» Exercise data:
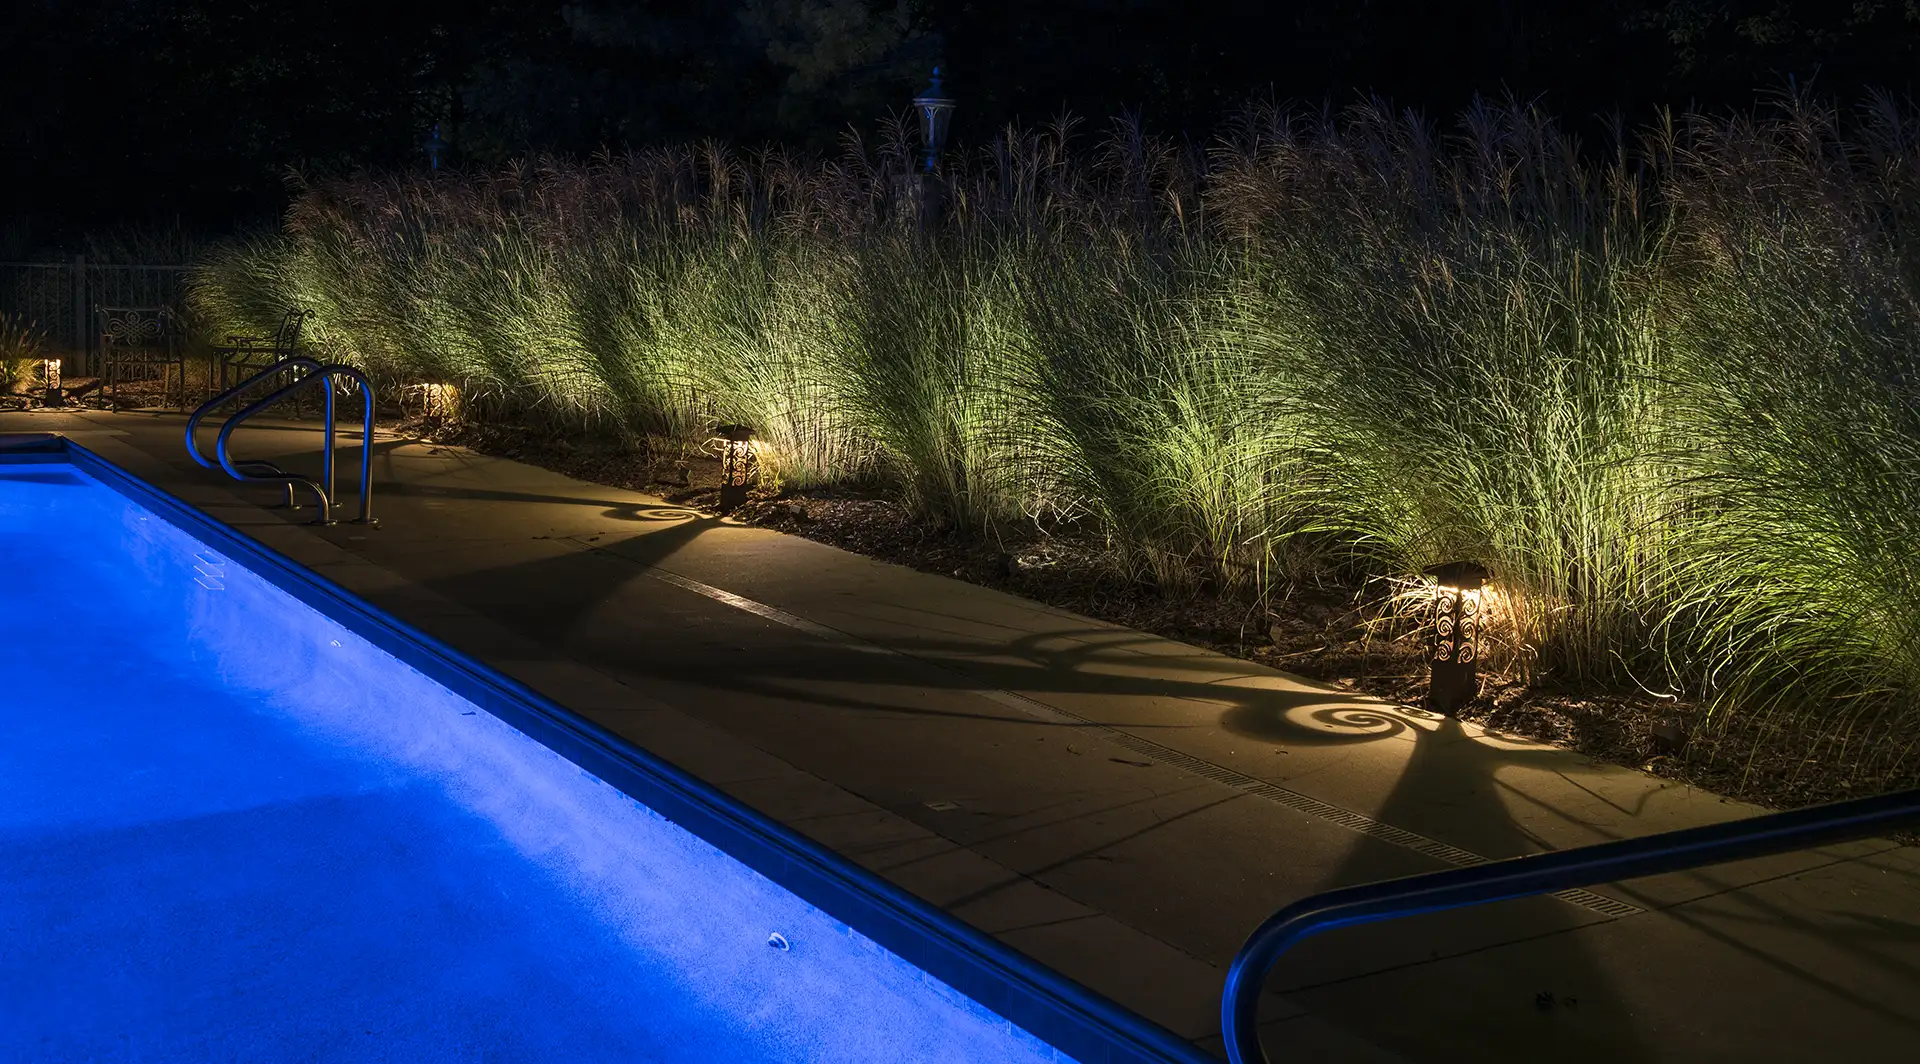 Schneider residence image 5 pool seating area bollard lights Lighthouse Outdoor Lighting and Audio central Missouri
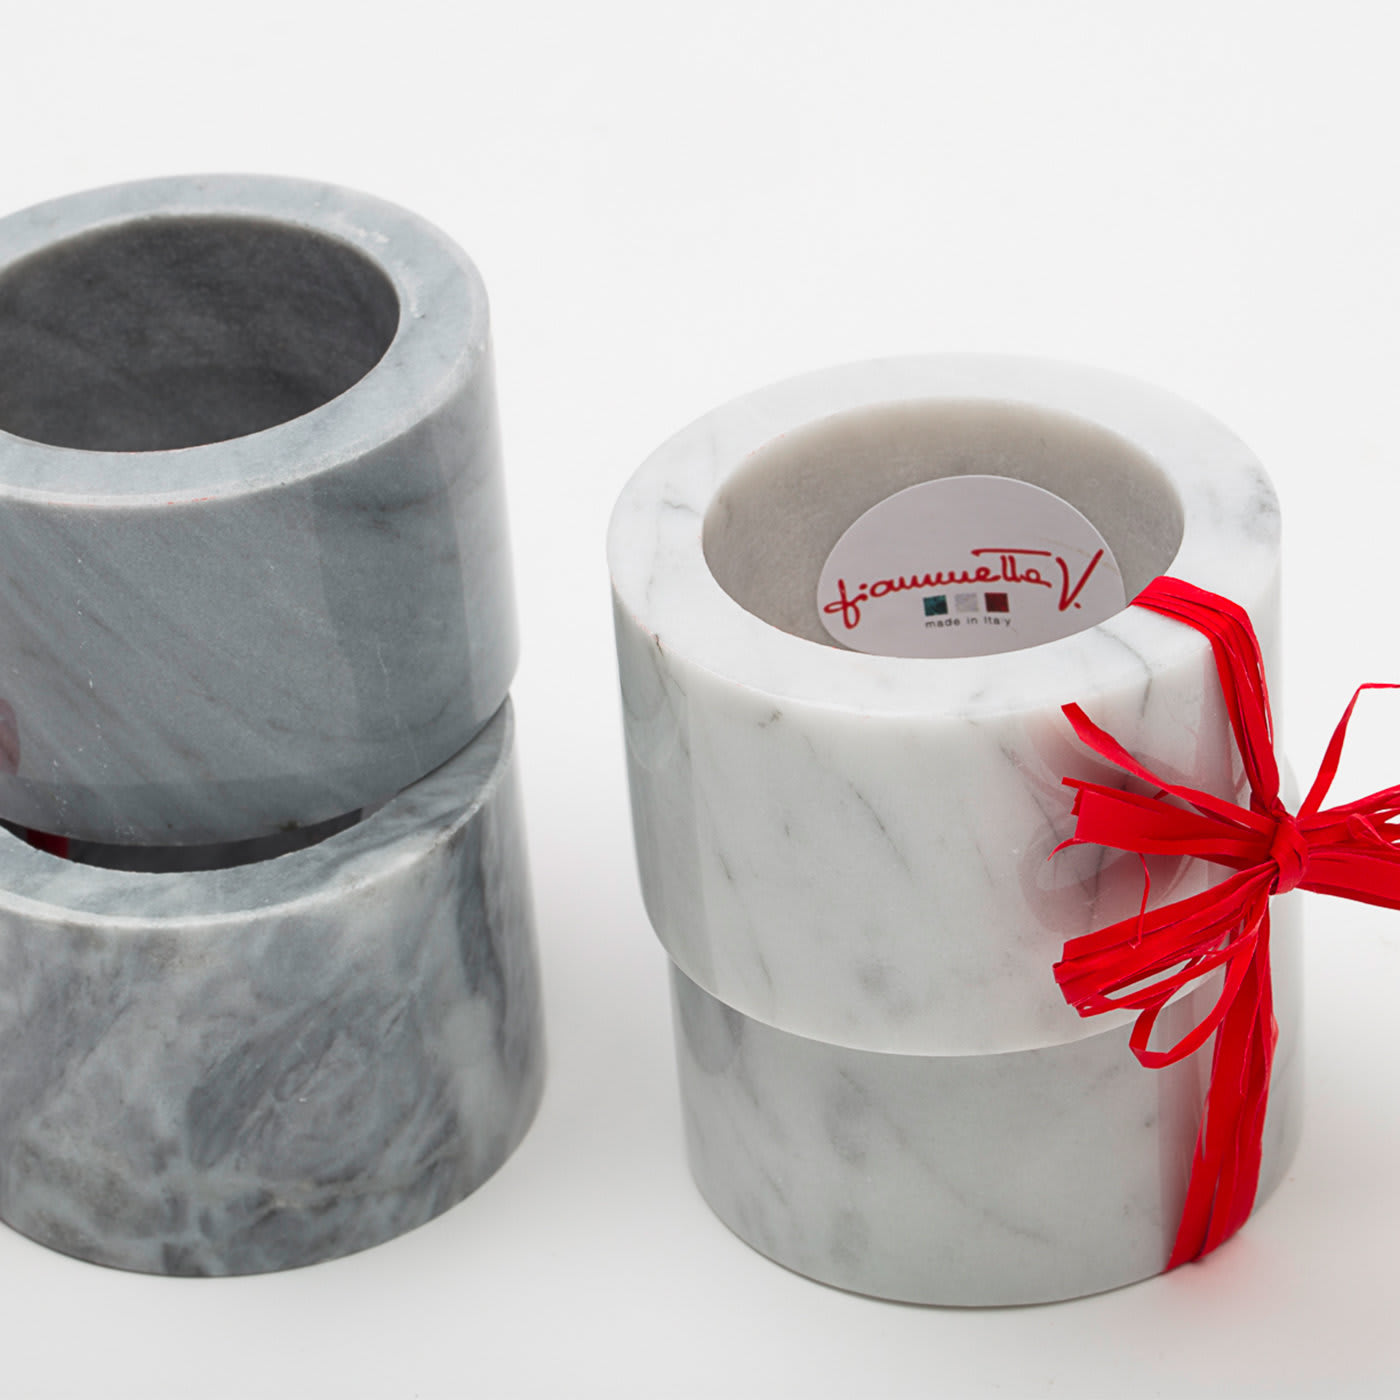 White and Black Marble Set of 4 Napkin Rings - FiammettaV Home Collection
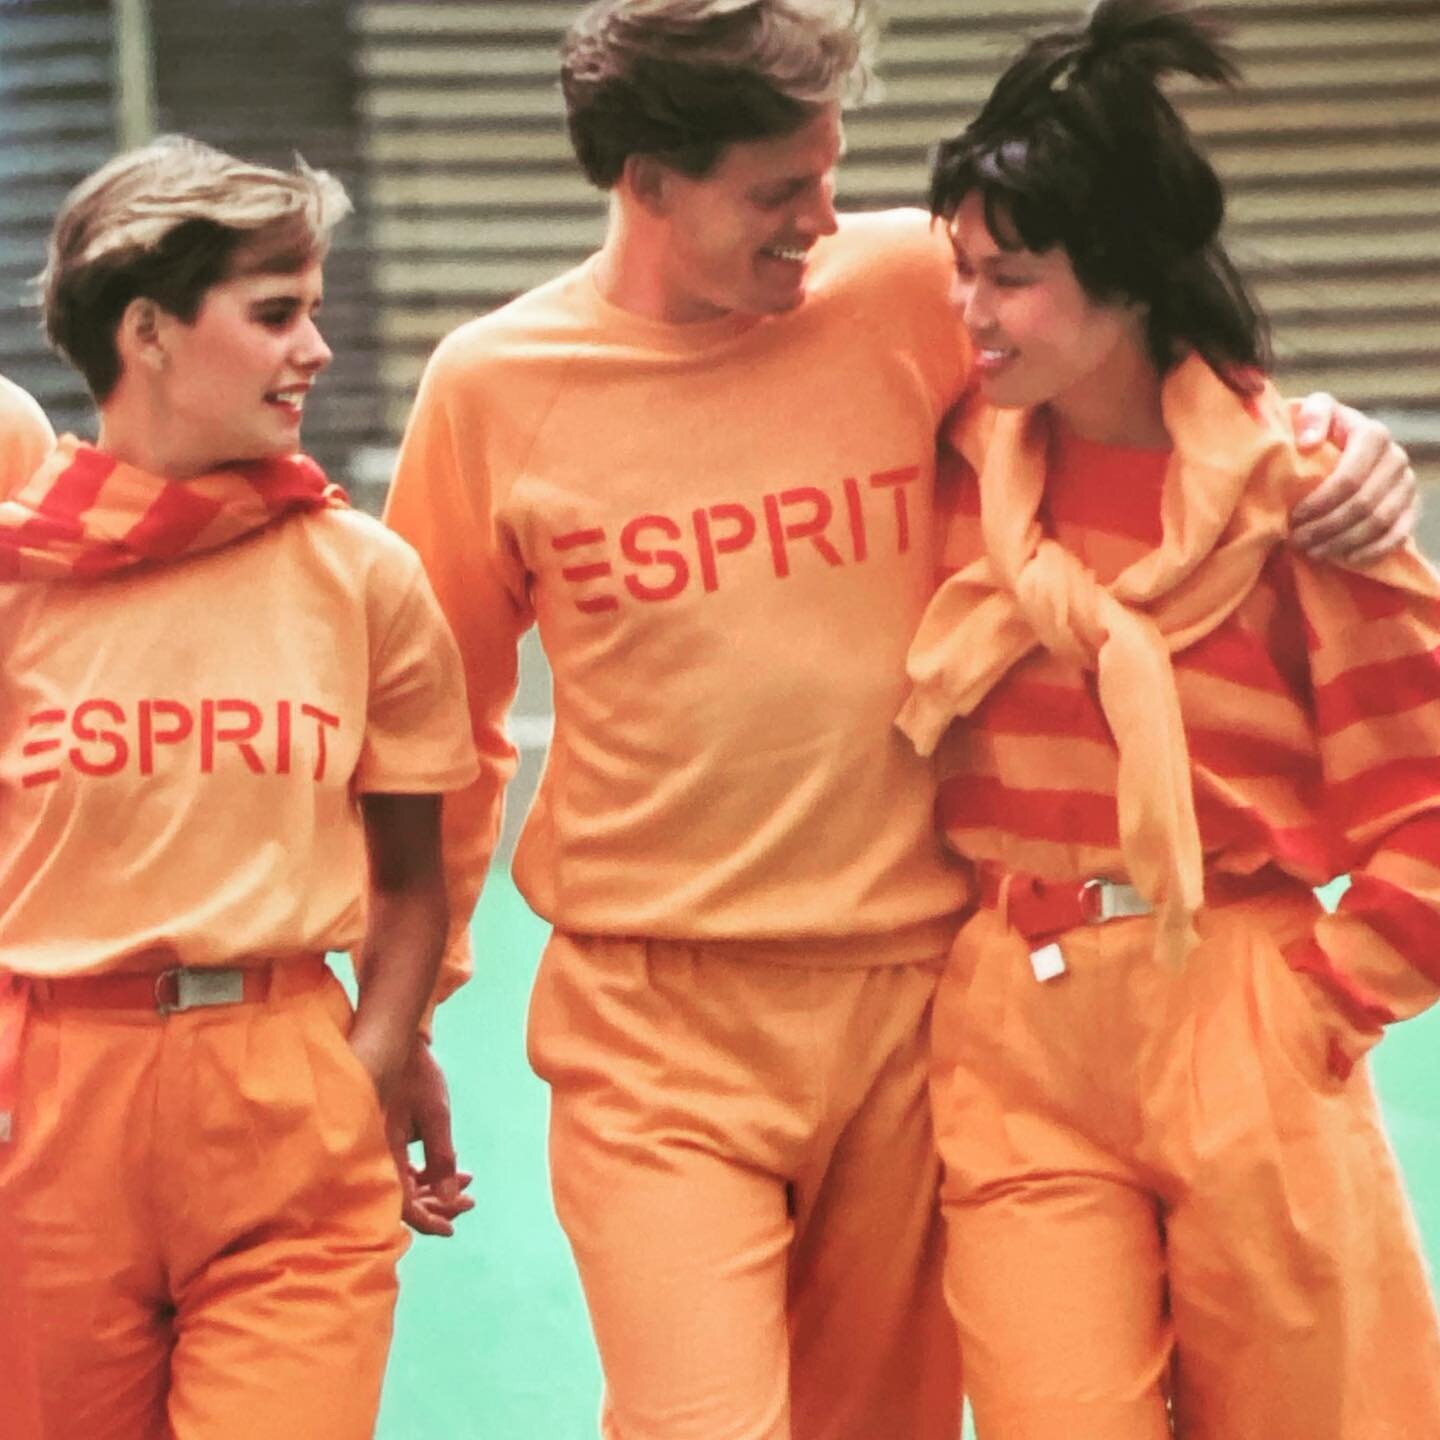 It&rsquo;s beginning to feel like fall 🍂 
_
Esprit Sport Holiday 1983 catalog 

_
Credit:
Photography: O. Toscani
Graphics: John Casado and Esprit Graphic Design 
Hair: Valentin 
Makeup: Tory Jeffery
.
.
.
.
.
.
.
.
.
.
.
.
.
Photo credit: Esprit He
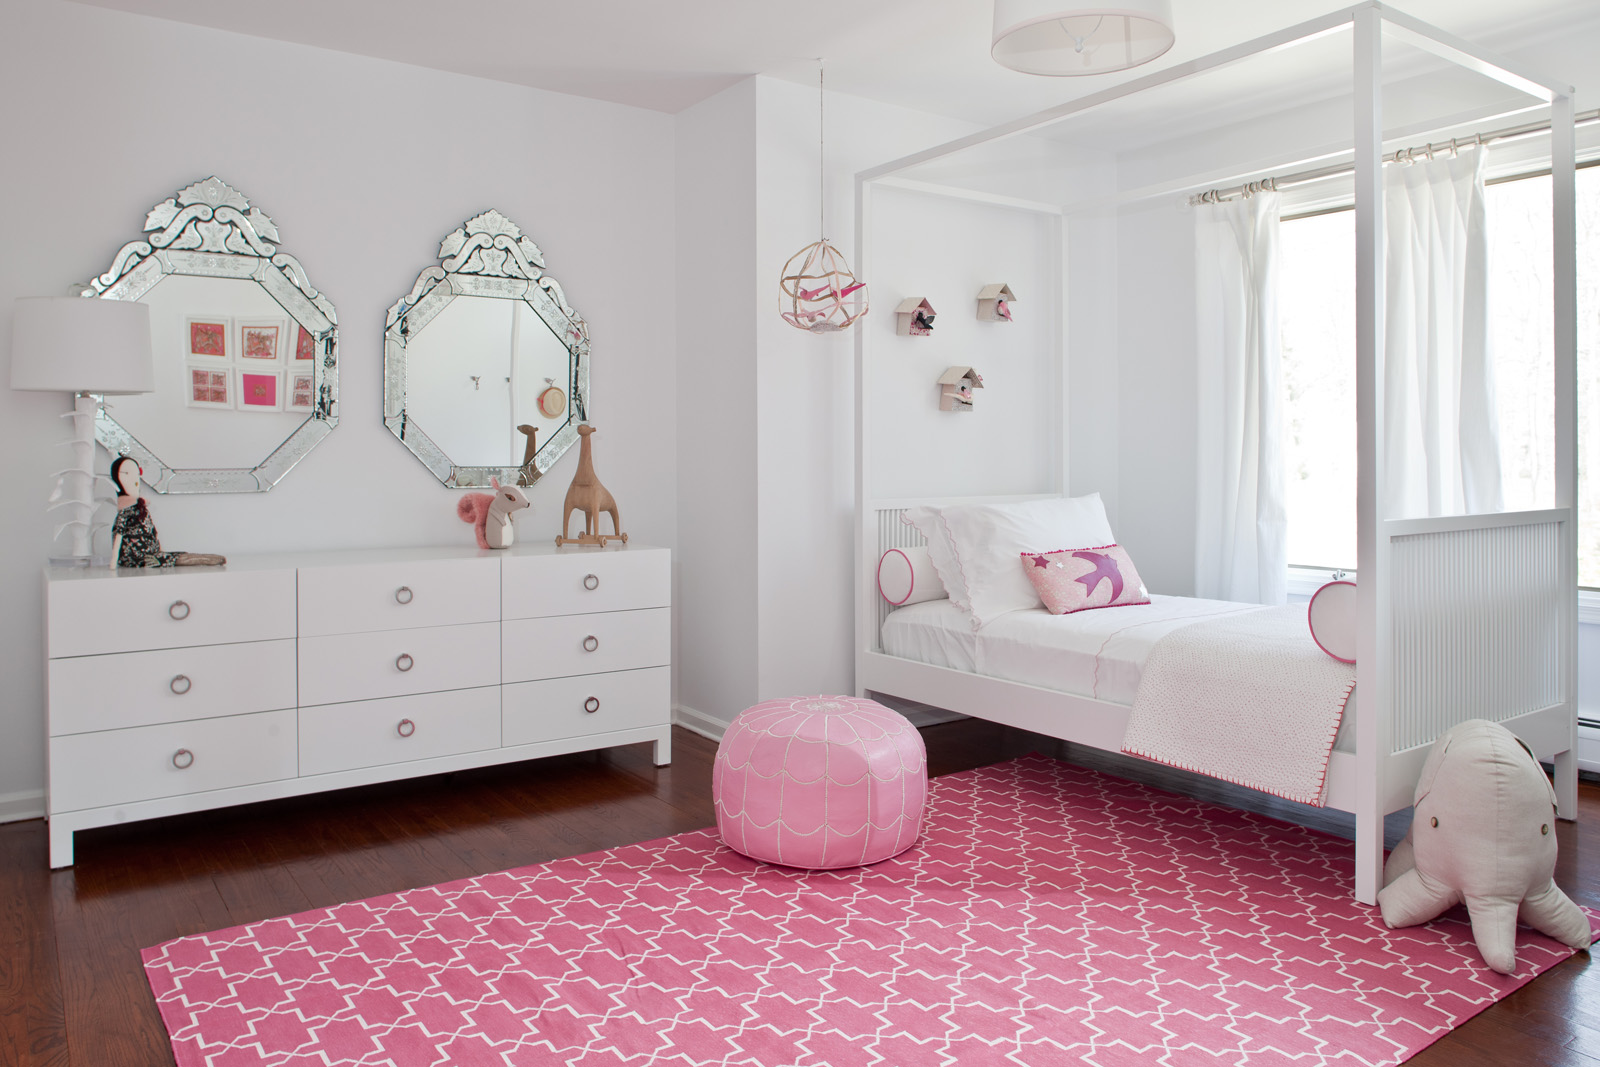 variant of a beautiful decor for a child’s room for a girl

» Your instructions: Go through the material above, find each line with the string "Esprit", and copy it.

» Task result:
Esprit Sport Holiday 1983 catalog 
Graphics: John Casado and Esprit Graphic Design 
Photo credit: Esprit He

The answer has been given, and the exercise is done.